Mas o importante é que nossos representantes políticos saibam que a sociedade espera que este, quando eleito, exerça o mandato com polidez, com foco no desenvolvimento de sua comunidade, norteando sua conduta em princípios sociais como o da urbanidade. Daí porque se assim agirem, a garantia da imunidade se tornará desnecessária.

Então, os vereadores podem se distratar e se ofenderem em plenário ou fora dele, ofender qualquer do povo, pois tem imunidade parlamentar?

A imunidade de que tratamos acima é em razão do judiciário, é um mecanismo de defesa da liberdade de consciência política do detentor de mandato eletivo em relação a coerção que poderia sofrer por qualquer intento de um desafeto pessoal ou político que viesse a diminuir ou limitar o desempenho parlamentar usando mecanismos processuais judiciais. É uma proteção do vereador ao mundo externo da sua Casa Legislativa. É uma imunidade judicial.

Contudo, essa imunidade parlamentar não acoberta o mau comportamento do vereador em relação ao regramento da sua Casa Legislativa.

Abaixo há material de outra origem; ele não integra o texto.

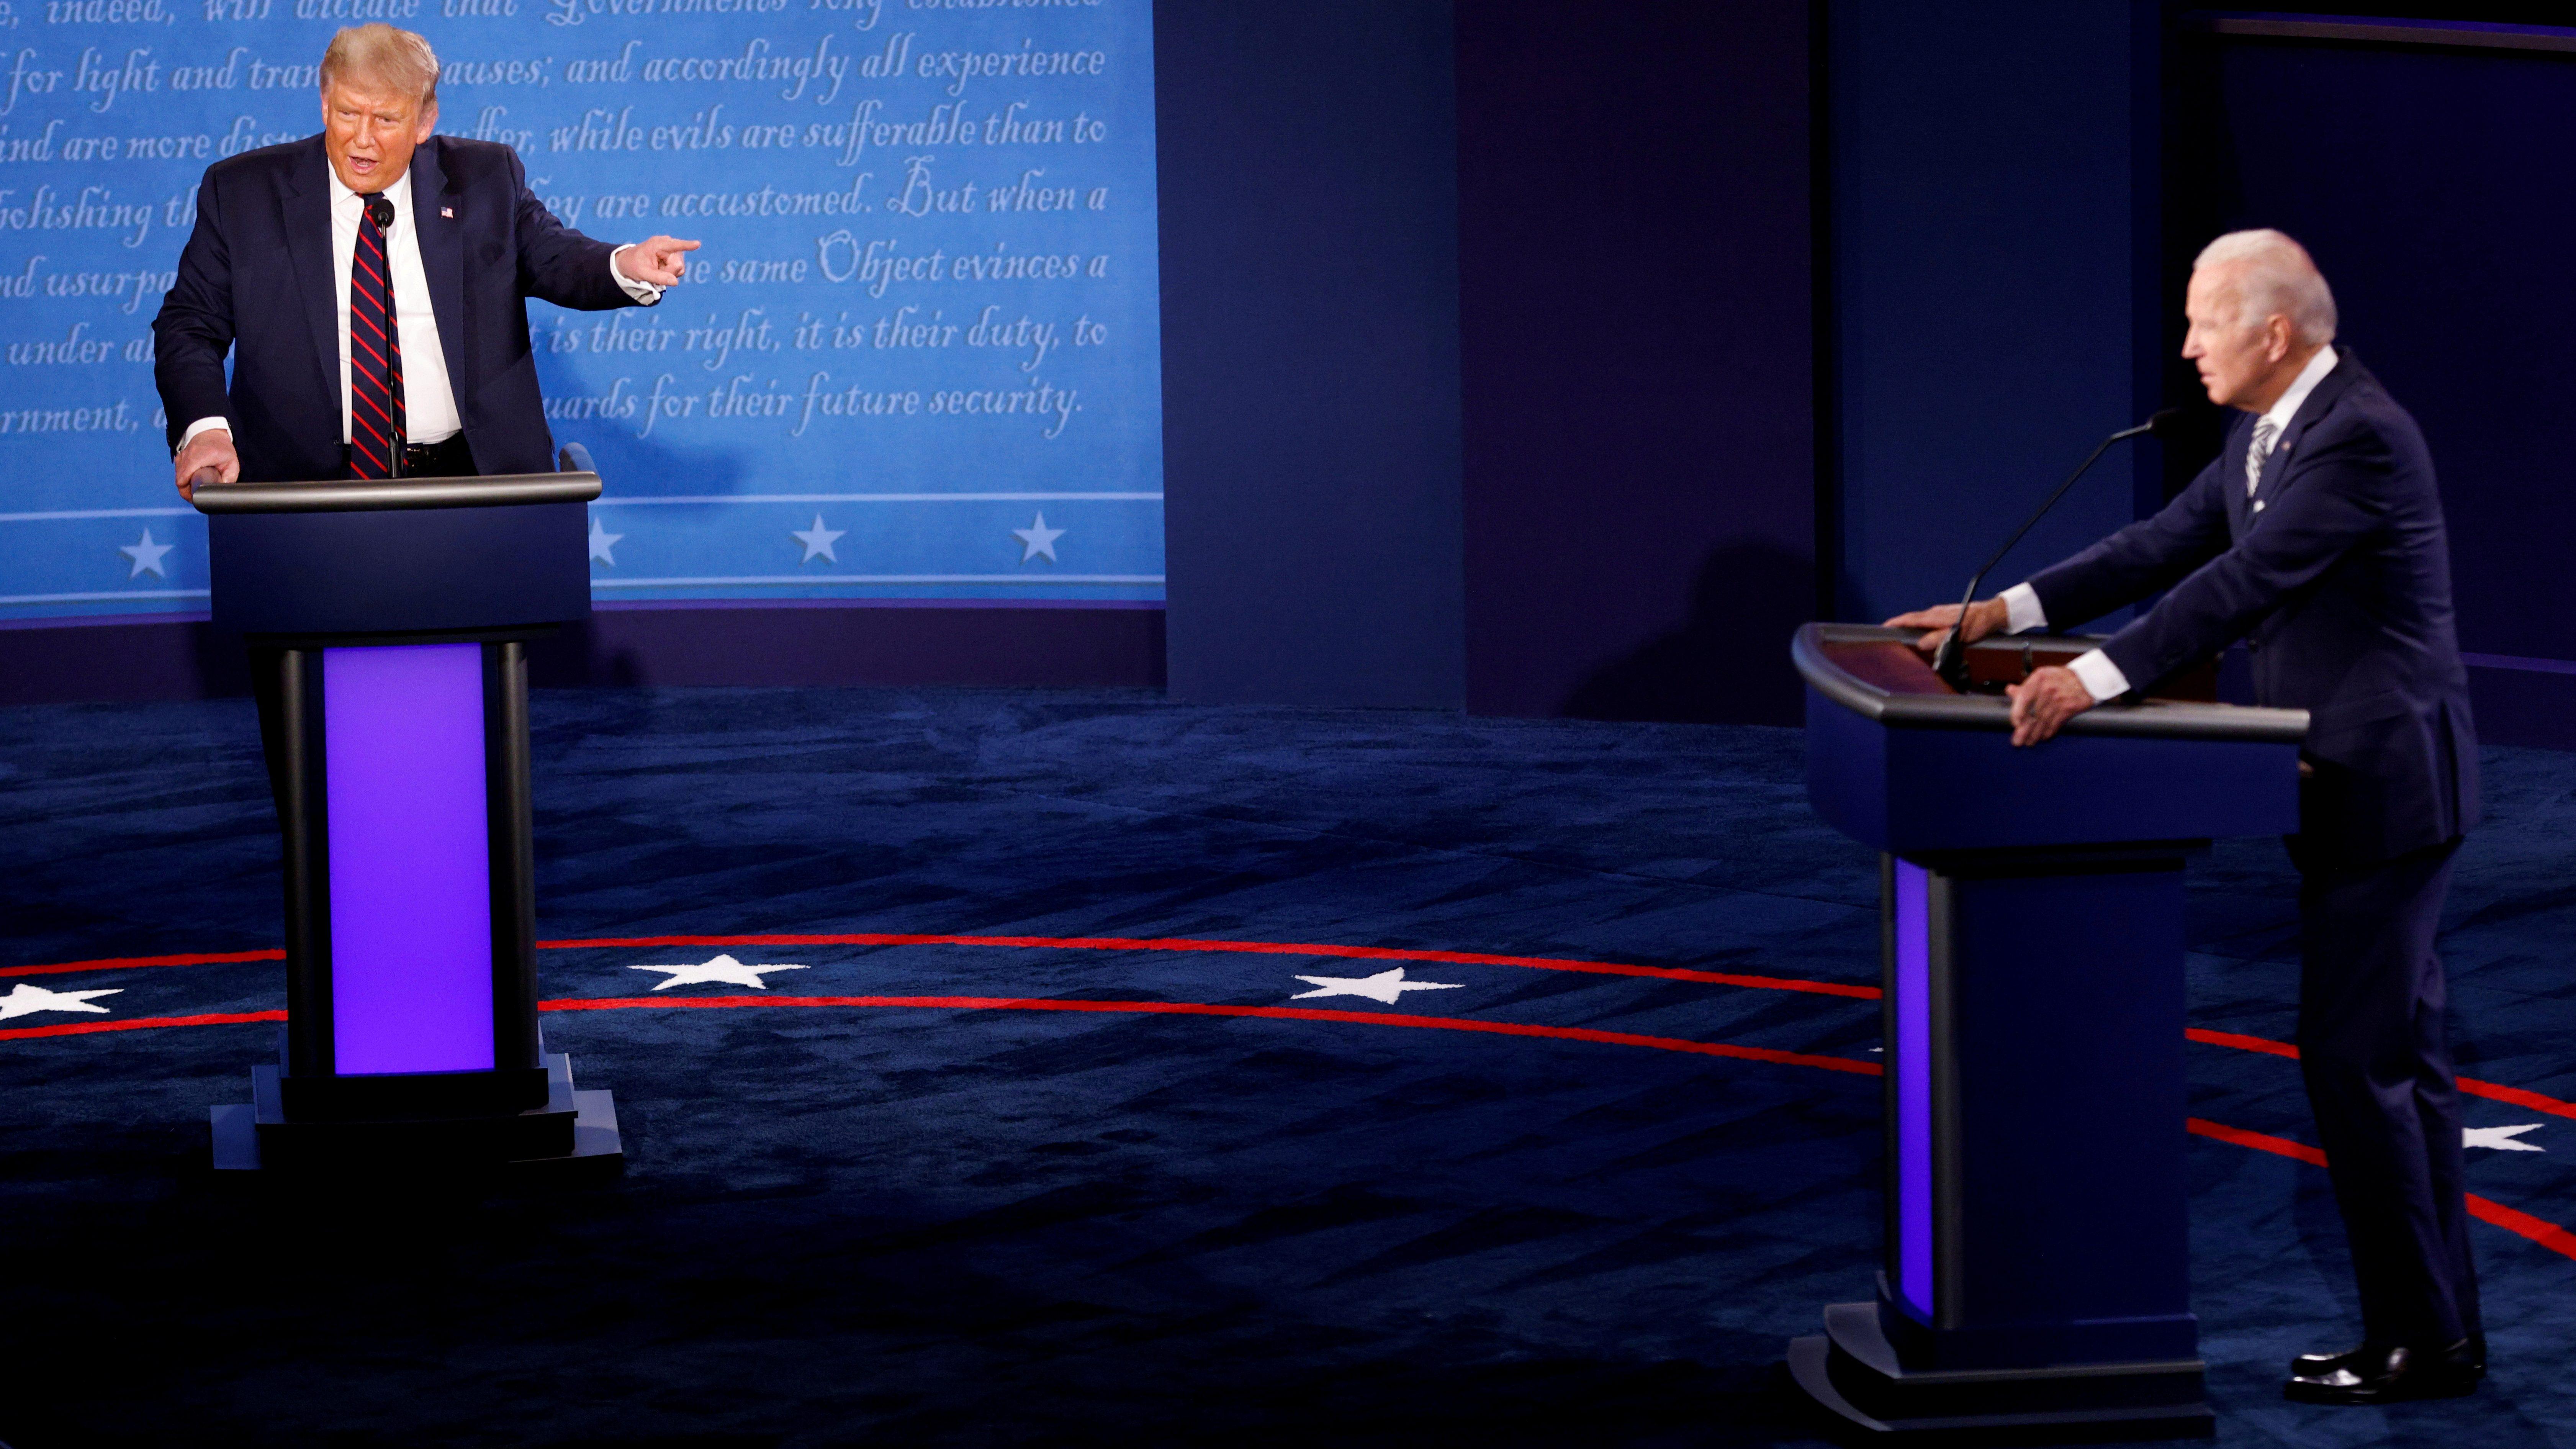 U.S. President Donald Trump and Democratic presidential nominee Joe Biden participate in their first 2020 presidential campaign debate in Cleveland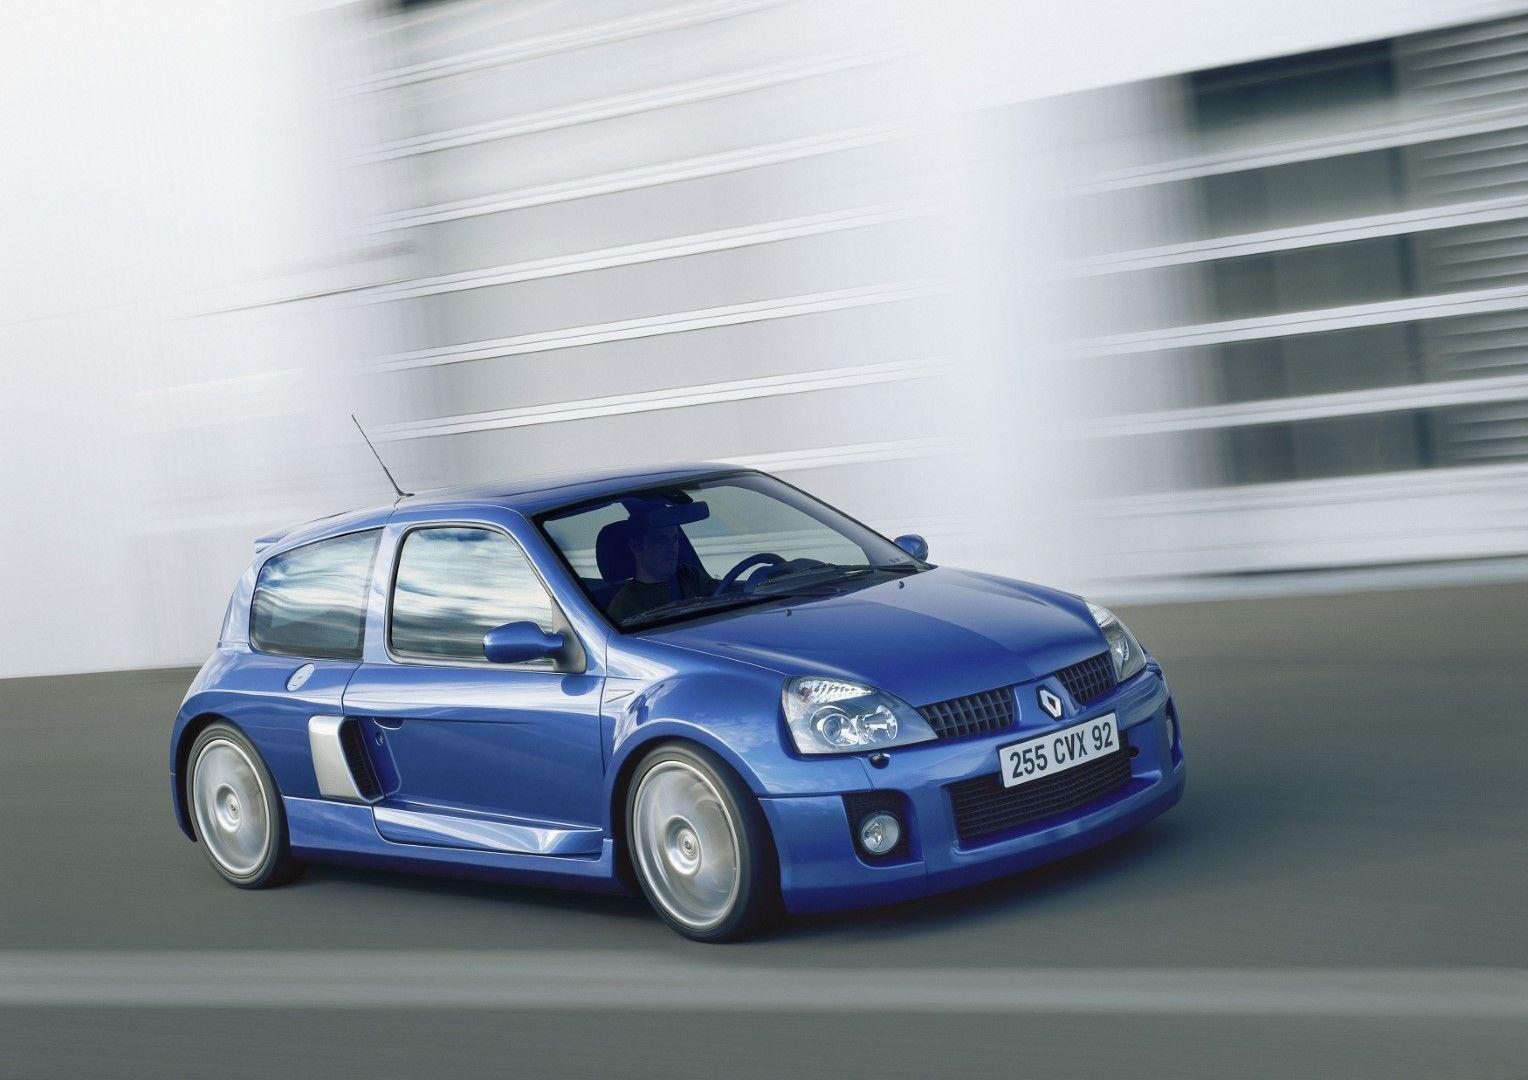 2002 Renault Clio 2 V6 3 0 60 V6 Es9 24v Engine 230 Ps Hp

É que se por um lado o vereador não pode ser processado judicialmente por suas palavras e opiniões sobre o argumento de que feriu a honra pessoal de determinado indivíduo, por outro lado, pode ser processado politicamente por ferir a honra da sua Câmara de Vereadores, ou seja, o vereador pode ser processado por seus pares se por quebra do decoro de conduta que se exige no Parlamento, podendo ser punido nos termos do que prescrito no Regimento Interno da Câmara de Vereadores que integra.

Pode-se concluir que a imunidade parlamentar do vereador não existe em relação ao poder político da sua Casa Legislativa, ou seja, em questão interna corporis de regramento comportamental do indivíduo frente ao seus pares e ao seu parlamento, a garantia constitucional da imunidade não se aplica.

Deste modo, o mau comportamento do parlamentar como tratamos aqui, se espelhado naquele que geraria talvez um crime contra a honra de alguém, pode não ser aceito pelos membros do parlamento municipal e, estando em desacordo com o que se espera de urbanidade e polidez do parlamentar, pode ser um fato que dê início a um processo político para julgamento, resultando, inclusive, nas penalidades expostas pelo Regimento Interno da Casa Legislativa, que não raras vezes são notícias de cassação de mandato.

Vereador! Eduque-se e promova a educação. Certamente a imunidade parlamentar não precisará ser invocada, e o cidadão de sua comunidade lhe ajudará na construção de uma sociedade melhor.